Far be it for me to tell anyone in Alberta how to vote. I don't live in the province anymore, and my biases are right there for you to see in this website url. I'm a Liberal, and voting Liberal is almost a reflex by this point.

At the same time, I fully expect my old riding to be a hotly contested PC-Wildrose showdown at the Southcentre Mall. If the Wildrose Party has a list of targeted ridings, I suspect mine is somewhere between 40th to 50th on the list, so it could very well be the one that swings the balance or gives Danielle Smith her majority. Liberals are pragmatic creatures by nature, so I can't ignore the wild elephant in the room.
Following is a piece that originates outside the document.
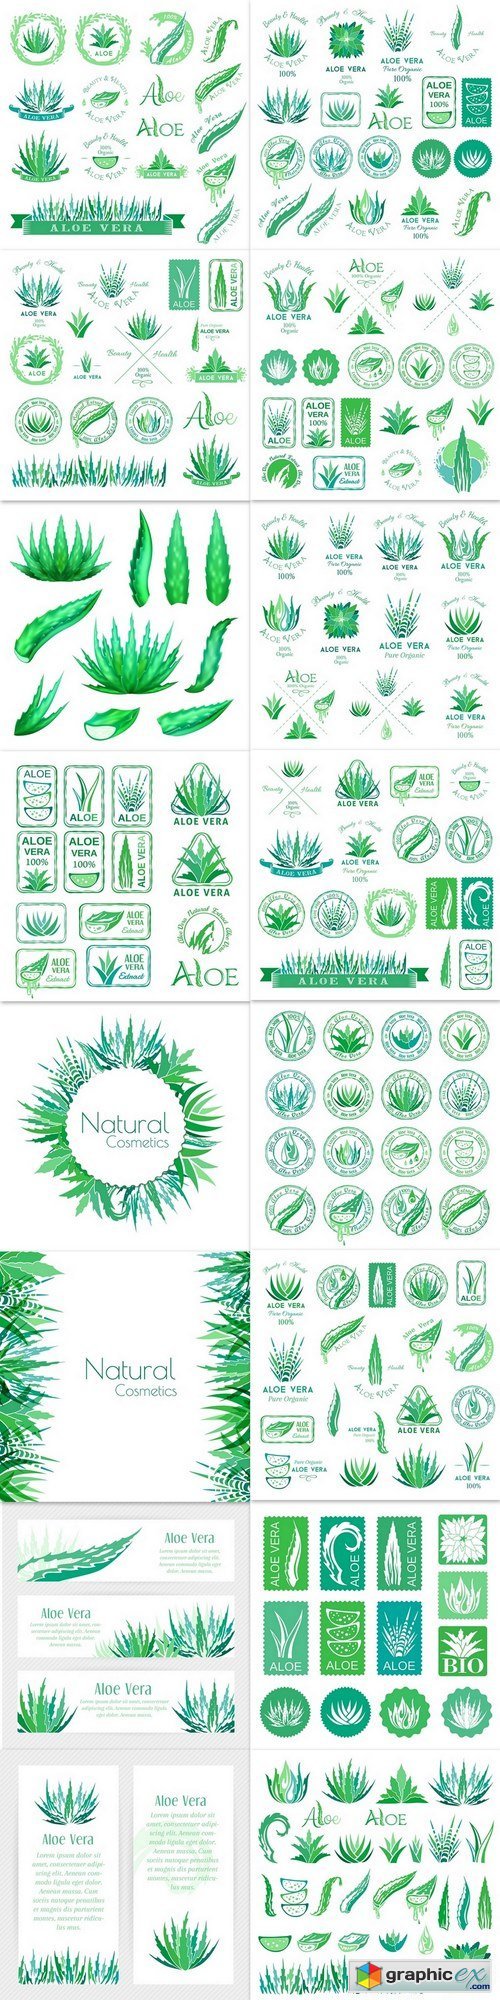 Aloe vera design elements. Logos, badges, icons
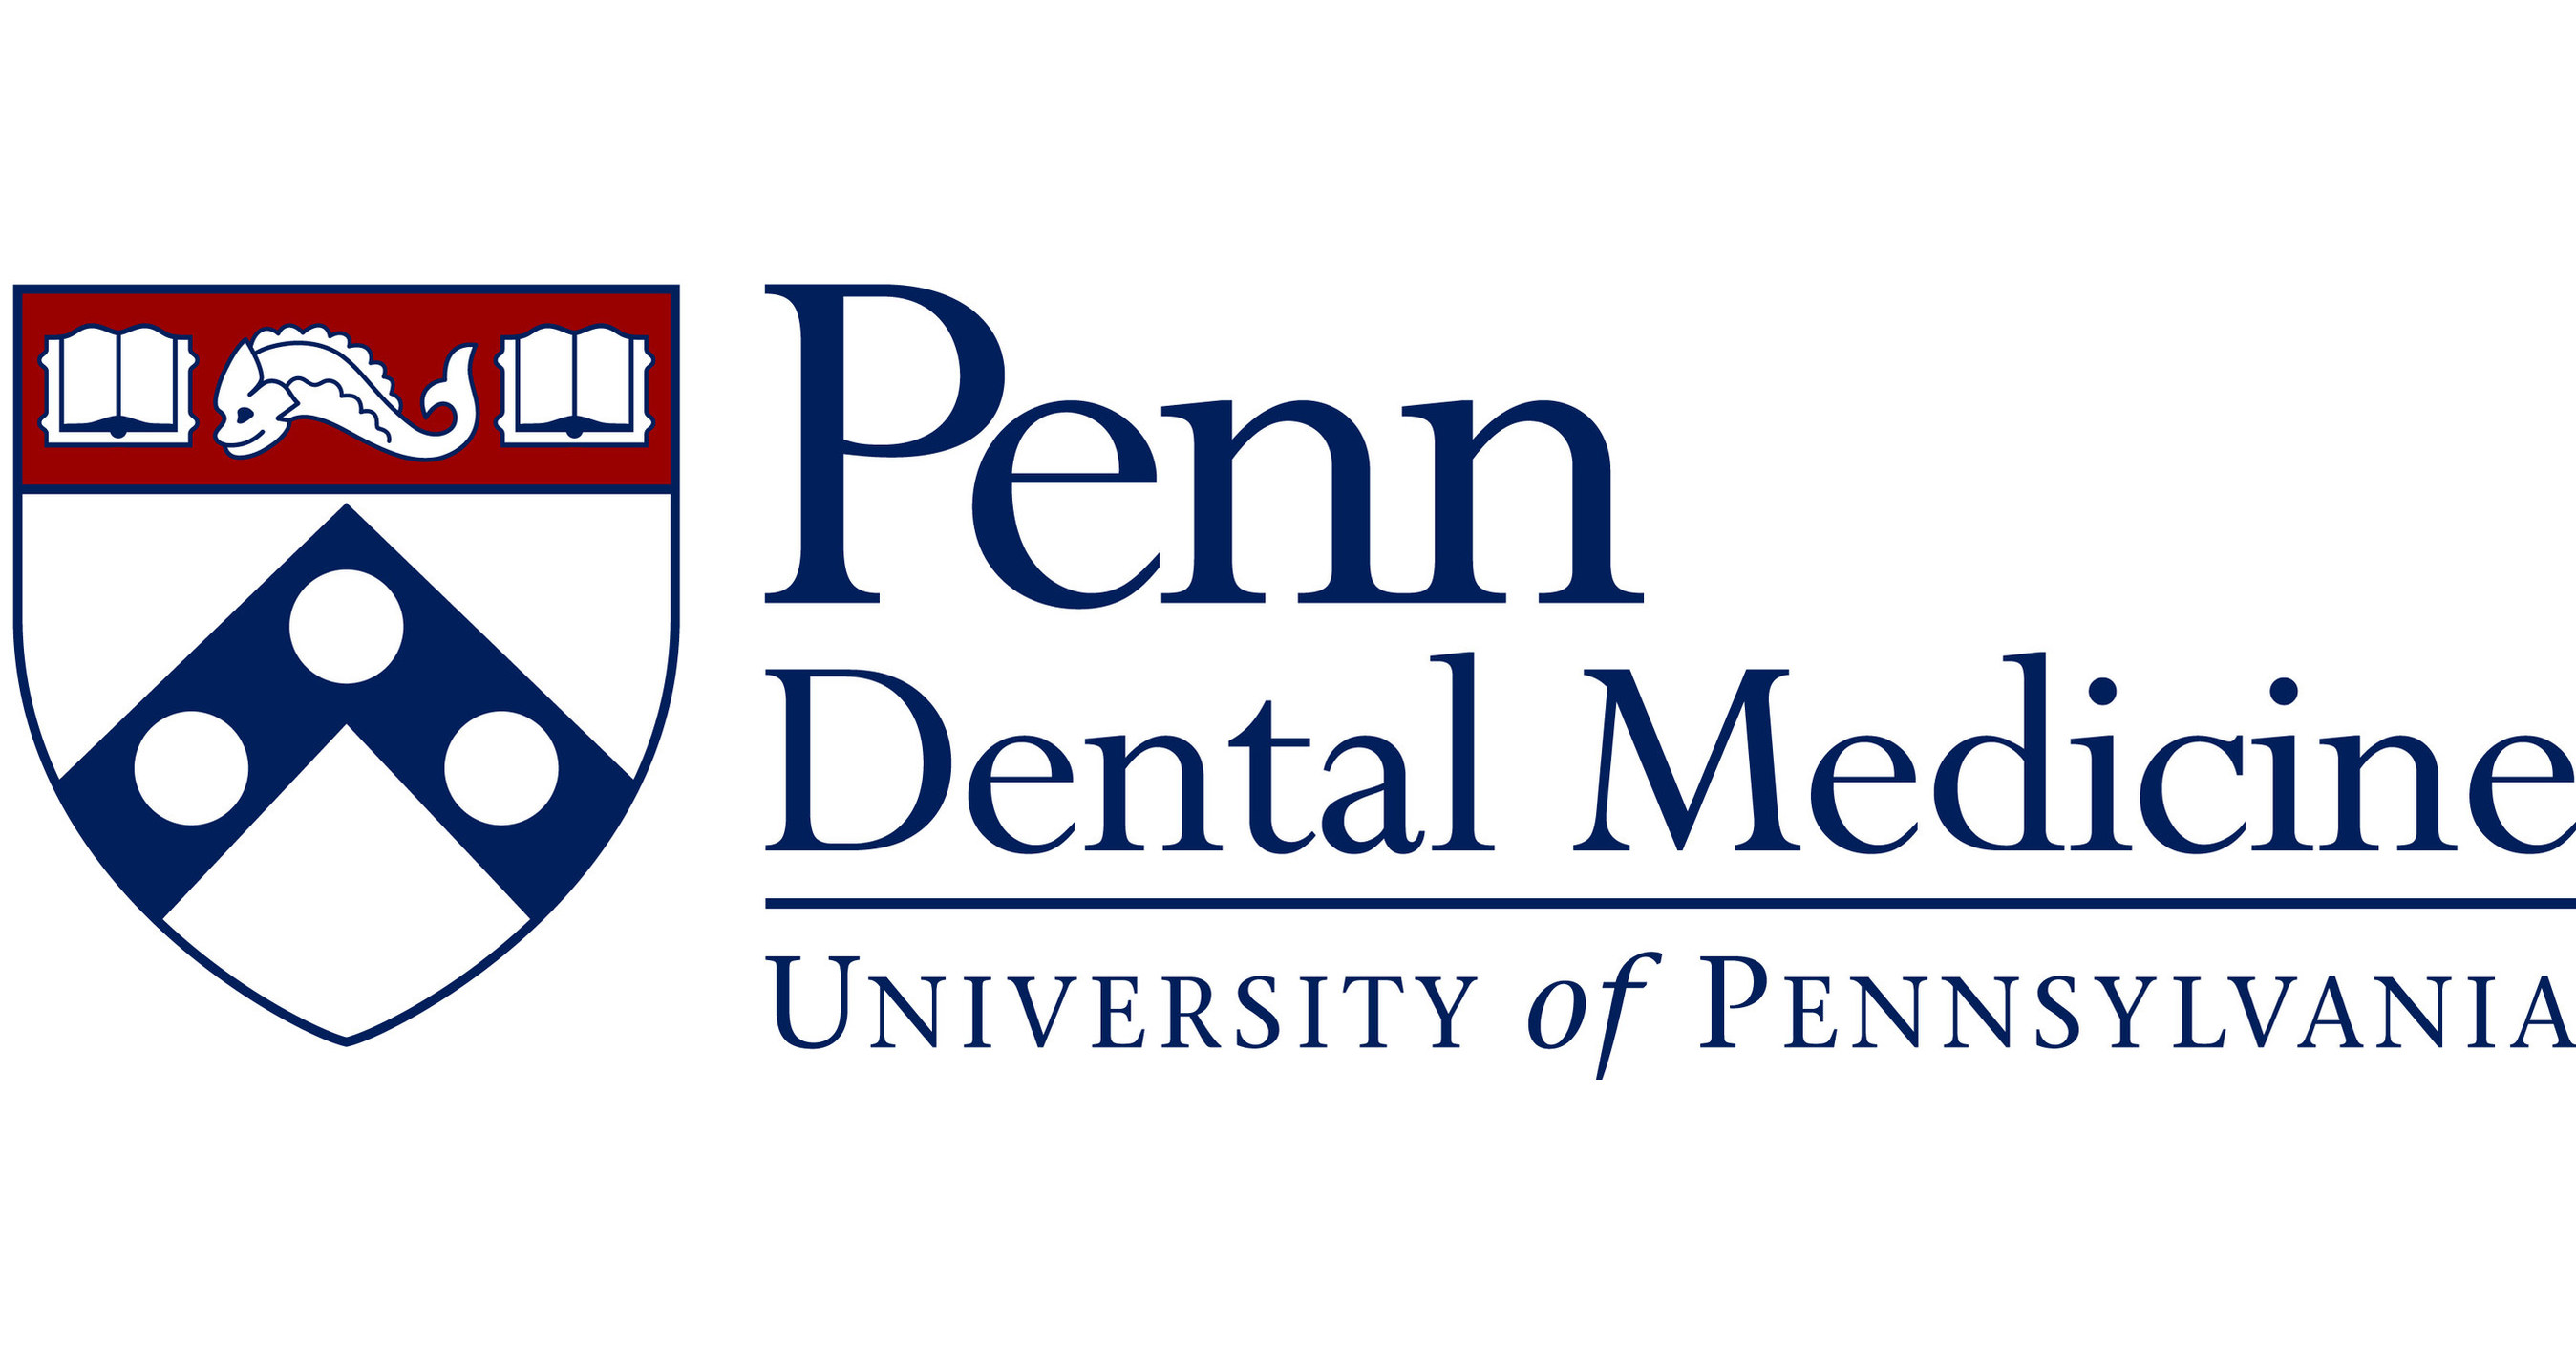 Penn Dental

If the vote had been held a month ago, this post might actually have ended up sounding like a quasi-Wildrose endorsement. For reasons I'll get to shortly, Alberta desperately needs a change of government, and I viewed the Wildrosers as nothing more than a slightly less experienced and slightly less corrupt version of the PCs. So why not?After all, Danielle Smith is a very impressive politician - the "Alberta Sarah Palin" meme is completely unfair to this woman who is articulate, thoughtful, and intelligent.

However, any secret longing for a Wildrose victory has quickly dissipated over the course of this campaign. Rather than presenting a creative long term plan for Alberta, Smith has attacked Redford for not loving Alberta, resorted to vote-buying gimmicks, and abandoned the notion of even pretending her math ads up. More troubling is her refusal to repudiate overtly homophobic and racist comments from her candidates. That says all I need to know about Danielle Smith's values and her ability to represent all Albertans.

So I guess that means I'm in the "Liberals for Redford" camp, eh? I will say that Alison Redford is likely the closest thing to a Liberal Premier Alberta will ever get, but that's simply not enough. While we've all been quick to criticize the words of Smith's candidates, the actions of the PCs have been equally unsettling. As Paula Simmons brilliantly recounted this week, the PCs legislated against gay marriage and spent a decade refusing to add protection for gay Albertans to Alberta‚Äôs human rights legislation, despite a Supreme Court of Canada ruling requiring them to do so. They quietly supported Ted Morton's private members bill on conscience rights, and loudly passed Bill 44 which "protected" children from ever having to hear about homosexuality in school.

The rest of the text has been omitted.